Virtualized data centers with rapid elasticity make baseline technology that much more important. Users may provision and retire resources commensurate with demand and without human intervention. This rapid fluctuation in your environment presents monitoring challenges. It’s imperative to understand what normal looks like at any given moment. Baselines then become your basis for a more effective alerting method.
You may employ two types of alerts: those based on static thresholds and those based on deviation from baseline performance.
Static thresholds are useful in cases such as wanting to know when a CPU exceeds 95% utilization for a period of 15 minutes or more. Some performance monitoring tools may only allow you to set an upper-level threshold. You should look for a solution that allows you to specify both an upper- and lower-level range. For example, you’d want to know when the voltage on a UPS falls outside of a specified range. Or when the temperature of a device exceeds a high or low manufacturer recommendation.
But you may not always understand what an acceptable range is for performance of a specific device or metric. Often, administrators guess at threshold values. This results in a significant increase in noise from false positive alerts.
In an environment that generates a lot of noise, it’s more effective to alert when performance of any metric deviates from historical norms. For example, if your company always runs a backup procedure at 3:00 a.m., you don’t want a daily alert about high bandwidth usage. But you would want an alert when an unexpected spike occurs during working hours due to a unique user-initiated action. You should be able to specify how many standard deviations you consider acceptable for any metric. This requires an understanding of baseline historical performance for all metrics monitored.
This method provides a more reliable predictor of service-impacting events. It answers the most critical question: “What is happening in my environment right now that is unique that I need to know about?”

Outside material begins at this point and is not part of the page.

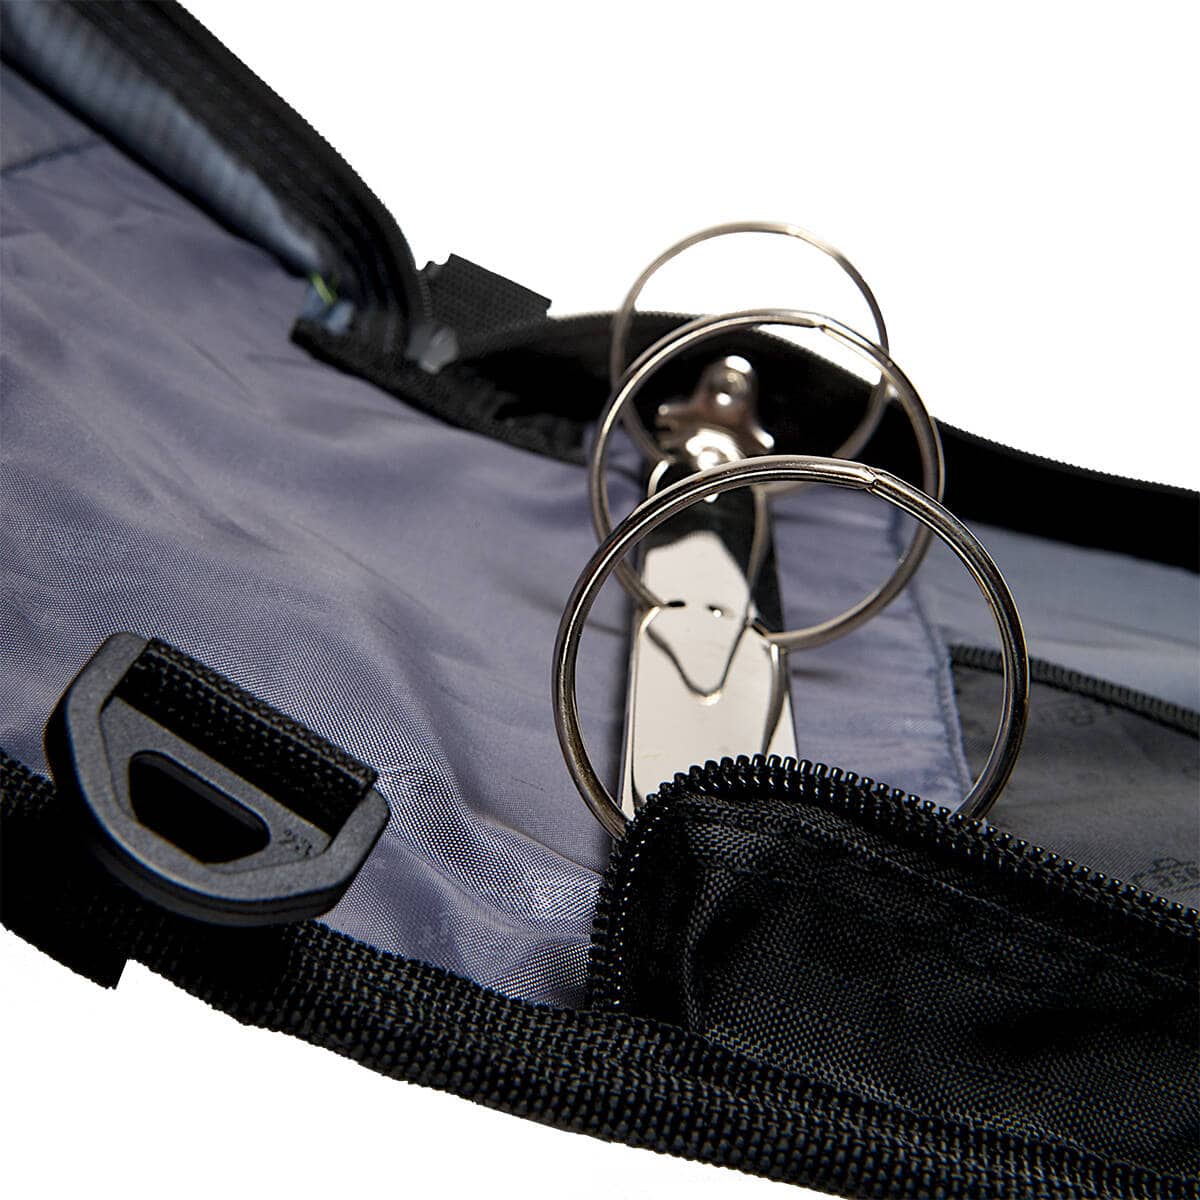 Case-it “The Flip Top” 3-Ring Zipper Binder 2 Capacity Pink Purple carry  handle

Collecting network and infrastructure performance data is hard. Reporting on it should be the easy part. When developing your network and infrastructure performance monitoring strategy, verify that your vendors can answer “yes” to all of the following questions.
Many vendors deliver canned reports that reveal most utilized interfaces, highest packet loss and other key metrics. While these reports are helpful, they may not allow for the level of manipulation required. Troubleshooting the more challenging performance scenarios demands extreme report flexibility.
Be sure to ask the following questions of any
- Can you experience immediate value from out of the box, day one reporting, with a series of auto-populating and fully editable reports of customer metric and flow data for common network performance reporting needs?
- Can you easily edit any of the out-of-the-box reports, or create new reports from scratch - in both dark and light mode—then reuse them for different regions/ offices, saving hours of report building?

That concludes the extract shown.